Вскоре после того, как я снова переехал к Роуз, мне на глаза попалась стайка бабочек. Очевидно, этот взрыв пестрой мельтешни случается каждый год, но я никогда его не замечал. Однажды на вечерней прогулке я увидел, как собака в прыжке поймала зубами желто-коричневую крапивницу. Это меня потрясло, и я подумал, уж не являются ли переживания и тревоги за мир природы ранним симптомом старения. Дабы почтить память покойной, я выучил несколько простых названий: бархатница, чернушка, буроглазка. Я прочел о коротком жизненном цикле бабочек и узнал, что на всем нашем архипелаге насчитывается целых восемь их видов. Потом выяснил, что во времена Фрэнсиса и Вивиен здесь было пятьдесят семь аборигенных видов, и это снова напомнило мне, как оскудел наш мир. Ранним вечером, когда мы с Роуз шли по траве на пляж, у нас из-под ног вспархивали тучи бледных мотыльков — пальцекрылок. Грустно было позже прочесть, что многие другие июньские мотыльки, которых знала Вивиен, давно вымерли. Моя тема, неотступная, как навязчивая идея, поселила во мне странное недовольство. Оно свербит во мне не переставая — тихий и монотонный гул, шепот тоски. Наше чистое море с черепахами и стайками дельфинов, с гигантскими плантациями мягко колышущихся водорослей не в силах заглушить мысли о том, что Вивиен и ее современники плавали по морям, в которых обитали треска, хек, скумбрия, палтус, тунец, сайда, трехусый налим и десятки других вымерших рыб, чьи мускулистые имена нынче известны только единицам. Это мой Роберт Льюис Стивенсон, переходящий реку не по тому мосту. Одной ногой я стою в прошлом — а может быть, и двумя. Я живу там, в 2014-м или 2025-м, но не здесь.

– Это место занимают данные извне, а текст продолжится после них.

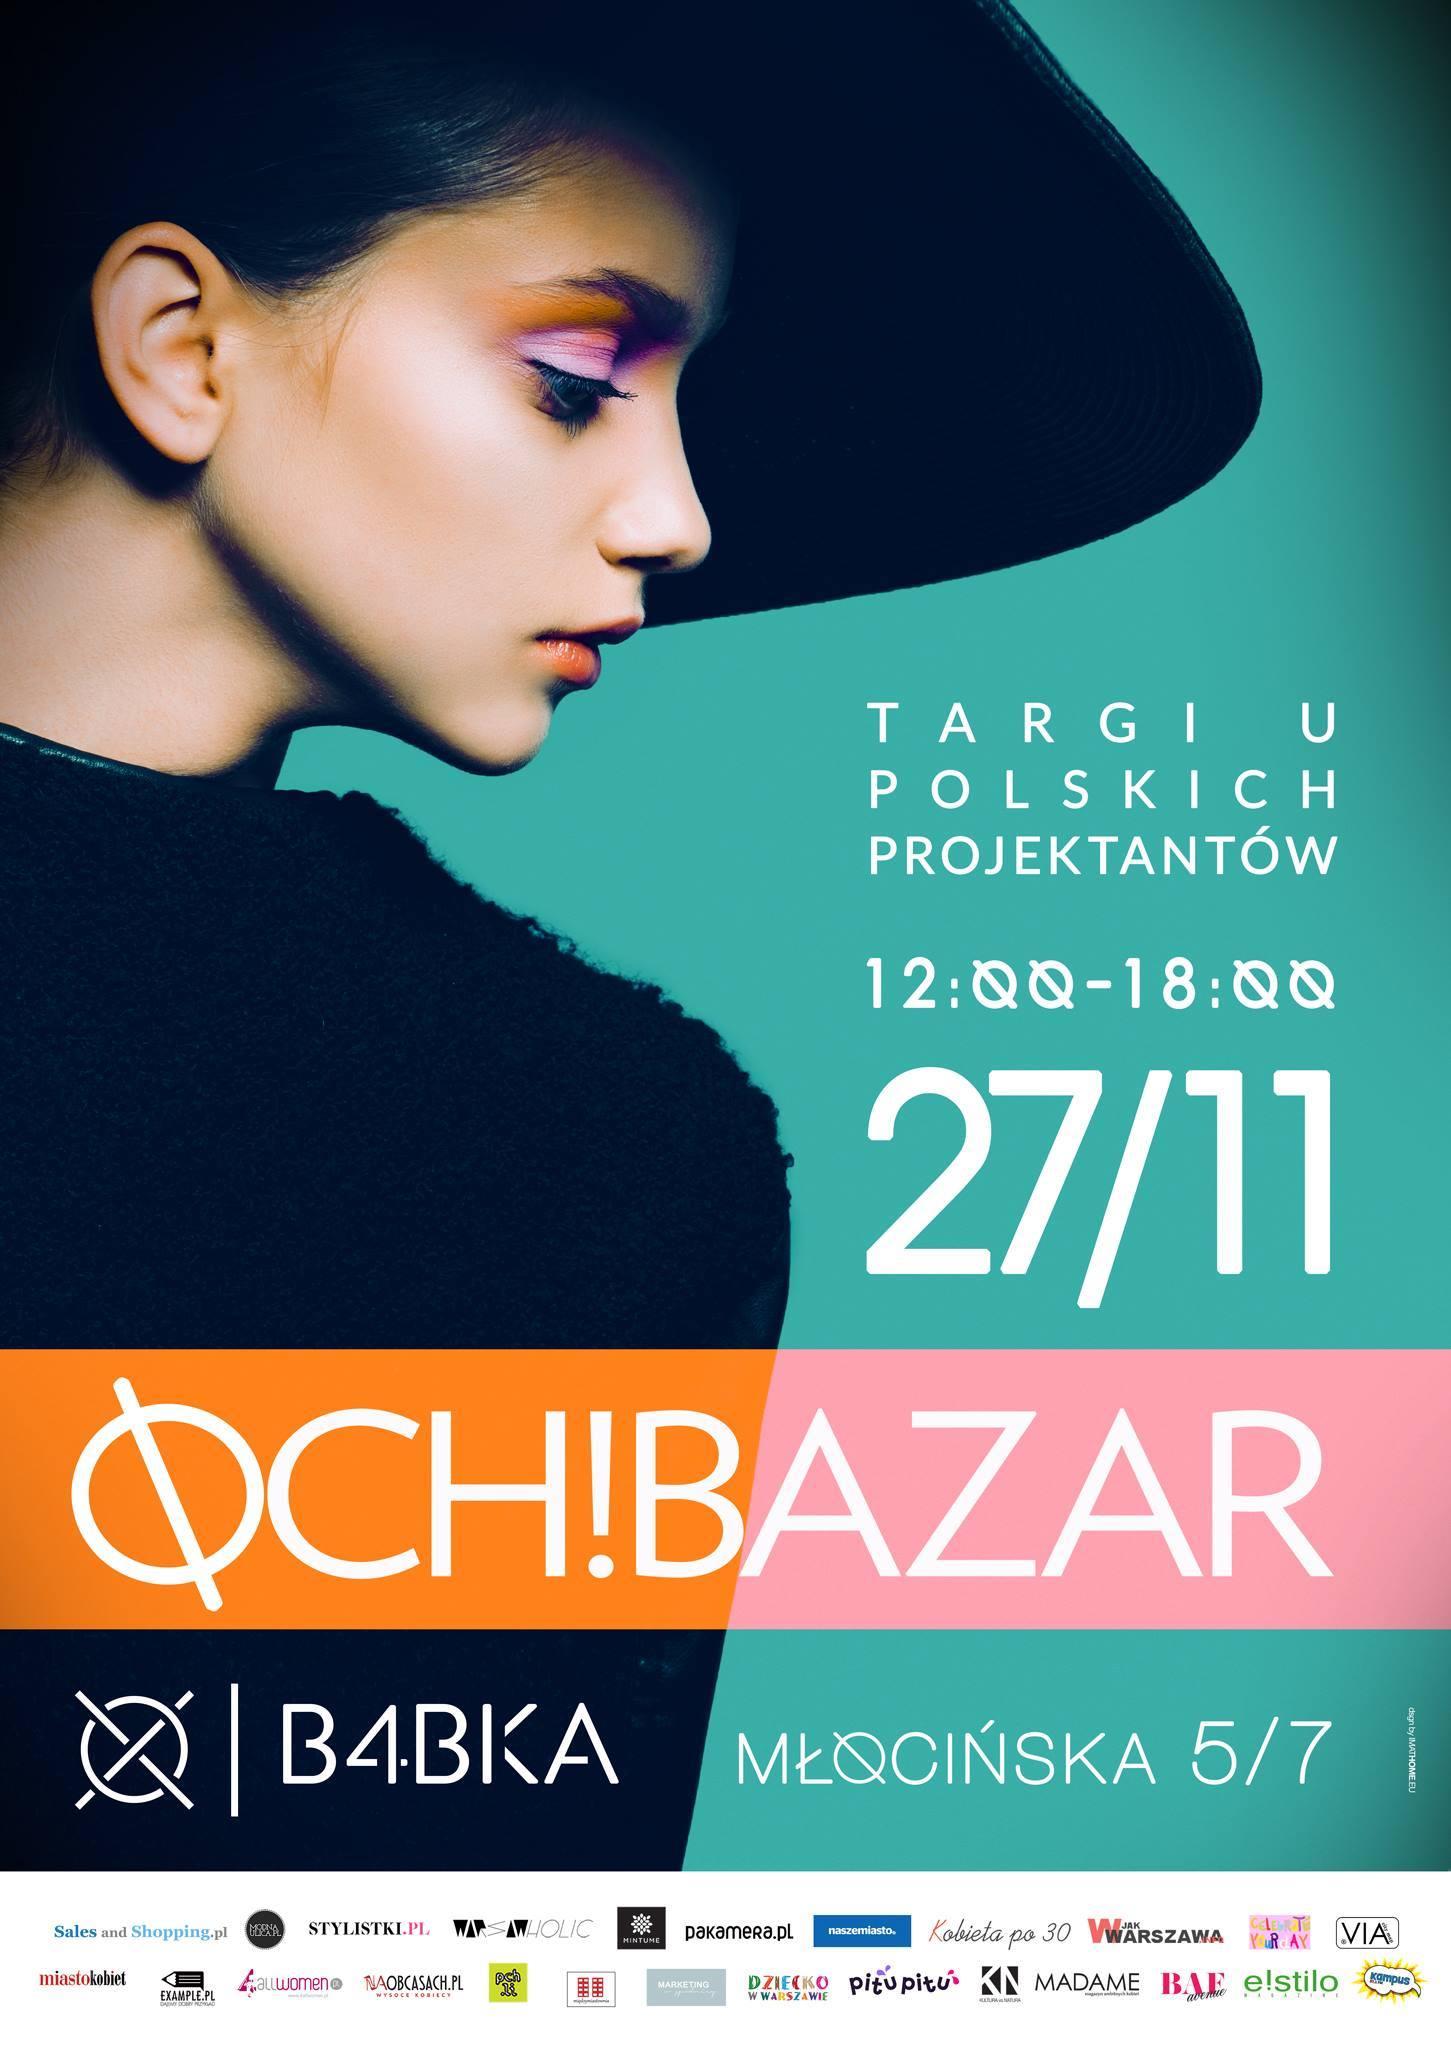 Targi mody i designu Och! Bazar Warszawa 27 listopada 2016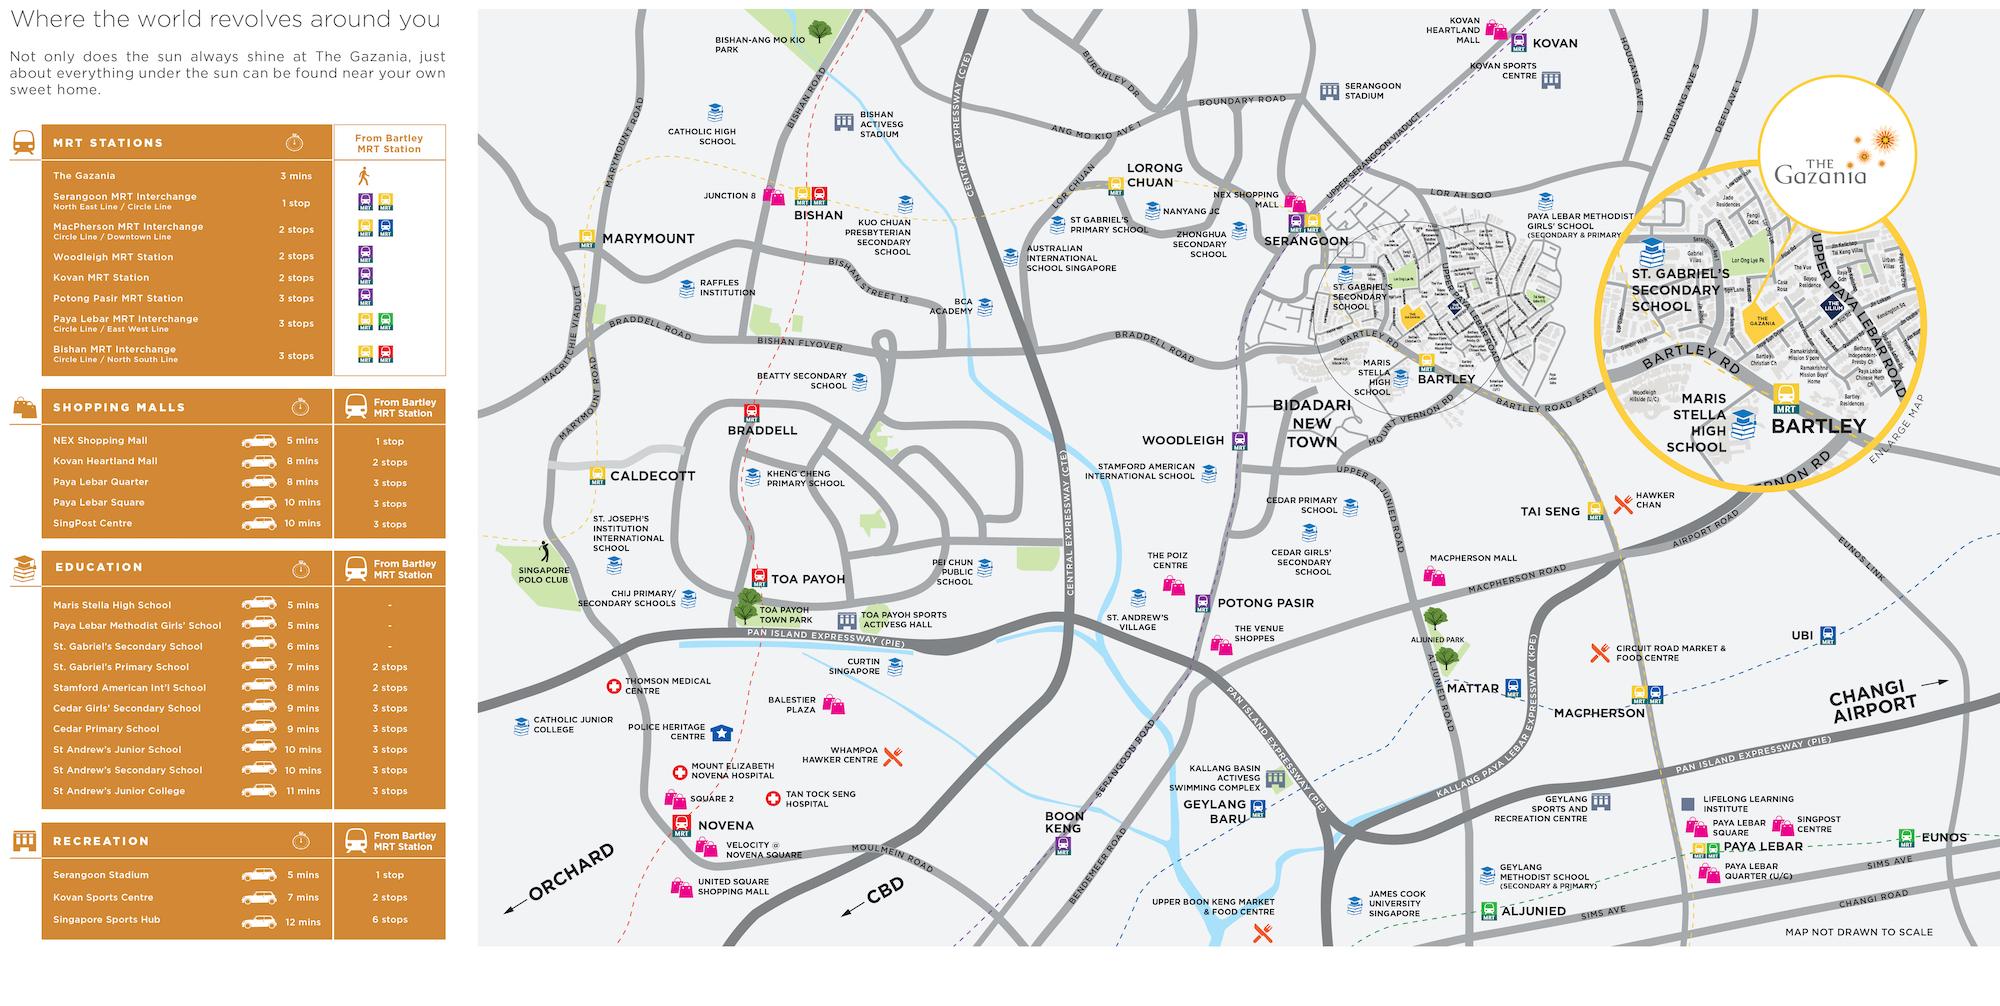 The-Gazania-new-condo-singapore-location-map-1

Наверное, чтобы лишний раз себя помучить, я как-то совершил виртуальную экскурсию по оксфордскому книжному магазину — тому самому, что был за спиной у Вивиен, когда она пересекала улицу, направляясь на поэтический вечер Фрэнсиса Бланди. Свои товары магазин демонстрировал в 2018 году. По цифровым временным отметкам я установил, что в последний раз передо мной эту видеозапись просматривали восемьдесят три года назад. А ради чего было ее смотреть? Разве только чтобы расстроиться. Я расстроился еще сильнее, подумав об Оксфордском море и представив себе, как этот магазин, Шелдонский театр, Бодлианская библиотека и Брод-стрит покоятся в вечных сумерках глубоко под водой, и их известняковые стены медленно крошатся. Но сколько же сокровищ на полках и широких столах показала мне камера, зажатая в чьей-то дрожащей руке! И все свеженькие, недавно изданные! Я бродил по магазину в компании, как мне показалось, молодой и старательной ассистентки. В историческом отделе мне стало за нас стыдно. За один сезон они успевали сделать больше, чем мы за десять лет. Столько книг, солидных и увесистых, с яркими разноцветными обложками, на общие и узкоспециальные темы — и то же самое в отделах с биографиями, научно-популярной литературой и мгновенно устаревающими монографиями о том, кто мы такие, кем были и куда идем. Конечно, сплошь ошибочными, но завораживающими блеском своей интеллектуальной дерзости. Все эти книги сейчас можно вывести на экран в один миг, но с каким наслаждением я побродил бы там, среди стеллажей, чувствуя себя на гребне новизны, интереса и изобилия! В нашем университете средней руки, как и в лучших наших университетах, мы прозябаем в тени щедрого на идеи прошлого столетней давности. Его бархатницы и трехусые налимы — всего лишь грезы. Меня тянет прокричать из окошка нашей с Роуз квартирки на двенадцатом этаже: мы тоже щедры на идеи, мы тоже живем в открытом обществе! Но наше главное удовольствие — следить за регулярными бодрыми сообщениями о том, как наши доблестные спасатели подняли со дна очередные десять тысяч облепленных ракушками автомобилей для сталеплавильных заводов. Мы восхищаемся искусством наших инженеров, когда они создают простые новые телефоны из сложных старых.